**Prompt**
Would you please output only the lines from the one containing "indoor panel blinds 1" through the end of the entries below, exactly as written?

(Saved entries)
- Opening Delimiter -

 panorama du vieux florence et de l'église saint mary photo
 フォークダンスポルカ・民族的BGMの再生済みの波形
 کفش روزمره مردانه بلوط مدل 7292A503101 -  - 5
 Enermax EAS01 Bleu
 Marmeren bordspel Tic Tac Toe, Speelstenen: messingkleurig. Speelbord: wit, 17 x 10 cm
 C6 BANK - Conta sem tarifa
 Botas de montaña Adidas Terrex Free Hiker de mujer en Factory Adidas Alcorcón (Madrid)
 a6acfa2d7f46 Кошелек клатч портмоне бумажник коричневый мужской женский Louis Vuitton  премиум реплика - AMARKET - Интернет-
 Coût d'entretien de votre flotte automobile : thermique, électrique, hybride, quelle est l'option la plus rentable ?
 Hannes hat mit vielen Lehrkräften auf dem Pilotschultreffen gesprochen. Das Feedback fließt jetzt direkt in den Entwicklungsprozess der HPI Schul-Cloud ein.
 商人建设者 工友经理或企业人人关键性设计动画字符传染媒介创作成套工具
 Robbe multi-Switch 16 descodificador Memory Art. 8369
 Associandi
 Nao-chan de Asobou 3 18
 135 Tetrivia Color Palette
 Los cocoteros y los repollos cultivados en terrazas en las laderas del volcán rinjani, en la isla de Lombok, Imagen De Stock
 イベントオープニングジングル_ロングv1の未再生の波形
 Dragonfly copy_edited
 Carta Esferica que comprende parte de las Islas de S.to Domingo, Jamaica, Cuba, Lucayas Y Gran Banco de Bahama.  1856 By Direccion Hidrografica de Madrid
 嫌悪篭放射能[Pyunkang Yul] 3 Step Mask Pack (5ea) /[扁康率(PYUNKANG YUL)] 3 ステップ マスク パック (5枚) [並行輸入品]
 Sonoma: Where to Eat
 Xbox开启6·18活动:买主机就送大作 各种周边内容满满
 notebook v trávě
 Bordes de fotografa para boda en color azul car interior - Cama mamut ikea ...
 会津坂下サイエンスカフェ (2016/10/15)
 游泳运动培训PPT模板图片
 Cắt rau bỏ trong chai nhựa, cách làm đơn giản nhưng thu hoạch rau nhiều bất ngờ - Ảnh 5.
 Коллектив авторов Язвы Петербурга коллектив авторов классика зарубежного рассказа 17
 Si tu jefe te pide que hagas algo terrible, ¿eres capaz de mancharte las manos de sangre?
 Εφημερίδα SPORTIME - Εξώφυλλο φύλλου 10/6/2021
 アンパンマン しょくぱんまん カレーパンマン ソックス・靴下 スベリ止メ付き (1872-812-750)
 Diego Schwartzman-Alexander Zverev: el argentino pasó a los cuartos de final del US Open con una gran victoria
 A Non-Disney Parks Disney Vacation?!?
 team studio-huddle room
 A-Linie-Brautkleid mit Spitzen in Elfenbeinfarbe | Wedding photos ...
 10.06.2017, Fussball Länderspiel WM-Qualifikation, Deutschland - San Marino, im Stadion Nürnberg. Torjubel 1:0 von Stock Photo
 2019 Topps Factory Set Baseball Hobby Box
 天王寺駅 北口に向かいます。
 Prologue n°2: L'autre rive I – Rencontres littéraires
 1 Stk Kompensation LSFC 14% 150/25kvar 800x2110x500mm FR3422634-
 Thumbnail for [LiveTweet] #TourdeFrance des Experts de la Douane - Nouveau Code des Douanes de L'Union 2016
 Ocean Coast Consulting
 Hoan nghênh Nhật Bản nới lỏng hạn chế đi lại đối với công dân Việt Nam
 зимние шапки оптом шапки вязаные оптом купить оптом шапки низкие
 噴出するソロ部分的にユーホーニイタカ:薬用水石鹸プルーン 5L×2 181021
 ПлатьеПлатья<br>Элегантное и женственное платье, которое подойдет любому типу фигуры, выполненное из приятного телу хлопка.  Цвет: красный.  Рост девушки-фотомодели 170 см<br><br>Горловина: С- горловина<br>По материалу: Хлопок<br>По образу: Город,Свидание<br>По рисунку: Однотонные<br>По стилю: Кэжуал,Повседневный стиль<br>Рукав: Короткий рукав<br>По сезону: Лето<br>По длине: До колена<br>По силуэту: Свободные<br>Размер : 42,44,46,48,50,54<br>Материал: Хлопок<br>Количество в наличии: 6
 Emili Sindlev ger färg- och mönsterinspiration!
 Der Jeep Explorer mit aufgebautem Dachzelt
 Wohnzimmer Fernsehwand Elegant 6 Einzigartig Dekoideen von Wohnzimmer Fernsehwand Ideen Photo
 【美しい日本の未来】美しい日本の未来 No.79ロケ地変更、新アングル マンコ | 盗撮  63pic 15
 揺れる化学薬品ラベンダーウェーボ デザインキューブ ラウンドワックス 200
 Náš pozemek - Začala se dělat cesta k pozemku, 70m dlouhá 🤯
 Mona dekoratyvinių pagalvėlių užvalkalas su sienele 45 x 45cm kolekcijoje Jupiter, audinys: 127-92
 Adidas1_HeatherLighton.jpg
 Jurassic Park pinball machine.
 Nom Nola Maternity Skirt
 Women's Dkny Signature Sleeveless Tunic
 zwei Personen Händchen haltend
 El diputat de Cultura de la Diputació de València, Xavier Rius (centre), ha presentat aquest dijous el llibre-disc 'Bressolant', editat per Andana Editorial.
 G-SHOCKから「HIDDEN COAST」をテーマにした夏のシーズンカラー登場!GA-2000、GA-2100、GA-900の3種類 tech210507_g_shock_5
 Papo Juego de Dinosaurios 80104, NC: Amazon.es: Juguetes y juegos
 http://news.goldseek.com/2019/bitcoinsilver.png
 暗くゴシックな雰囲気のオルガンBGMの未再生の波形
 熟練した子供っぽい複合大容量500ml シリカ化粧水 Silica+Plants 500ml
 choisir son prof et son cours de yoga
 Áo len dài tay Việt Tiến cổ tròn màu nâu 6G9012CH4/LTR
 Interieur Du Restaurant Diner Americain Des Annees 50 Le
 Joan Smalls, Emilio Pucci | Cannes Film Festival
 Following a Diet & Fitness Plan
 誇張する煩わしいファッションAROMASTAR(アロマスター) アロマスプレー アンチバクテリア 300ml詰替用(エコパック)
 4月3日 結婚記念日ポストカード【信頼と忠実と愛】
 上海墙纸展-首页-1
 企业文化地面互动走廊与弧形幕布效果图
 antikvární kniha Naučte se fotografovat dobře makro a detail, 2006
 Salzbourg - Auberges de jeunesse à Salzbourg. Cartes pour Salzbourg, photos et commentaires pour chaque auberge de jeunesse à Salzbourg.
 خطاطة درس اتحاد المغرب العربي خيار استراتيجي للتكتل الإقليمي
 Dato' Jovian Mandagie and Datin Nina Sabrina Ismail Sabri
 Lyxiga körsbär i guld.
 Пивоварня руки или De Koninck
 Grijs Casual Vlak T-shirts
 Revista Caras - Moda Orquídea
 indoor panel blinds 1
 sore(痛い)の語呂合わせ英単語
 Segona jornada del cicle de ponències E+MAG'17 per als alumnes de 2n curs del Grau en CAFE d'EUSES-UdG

- Closing Delimiter -

**Result**
 indoor panel blinds 1
 sore(痛い)の語呂合わせ英単語
 Segona jornada del cicle de ponències E+MAG'17 per als alumnes de 2n curs del Grau en CAFE d'EUSES-UdG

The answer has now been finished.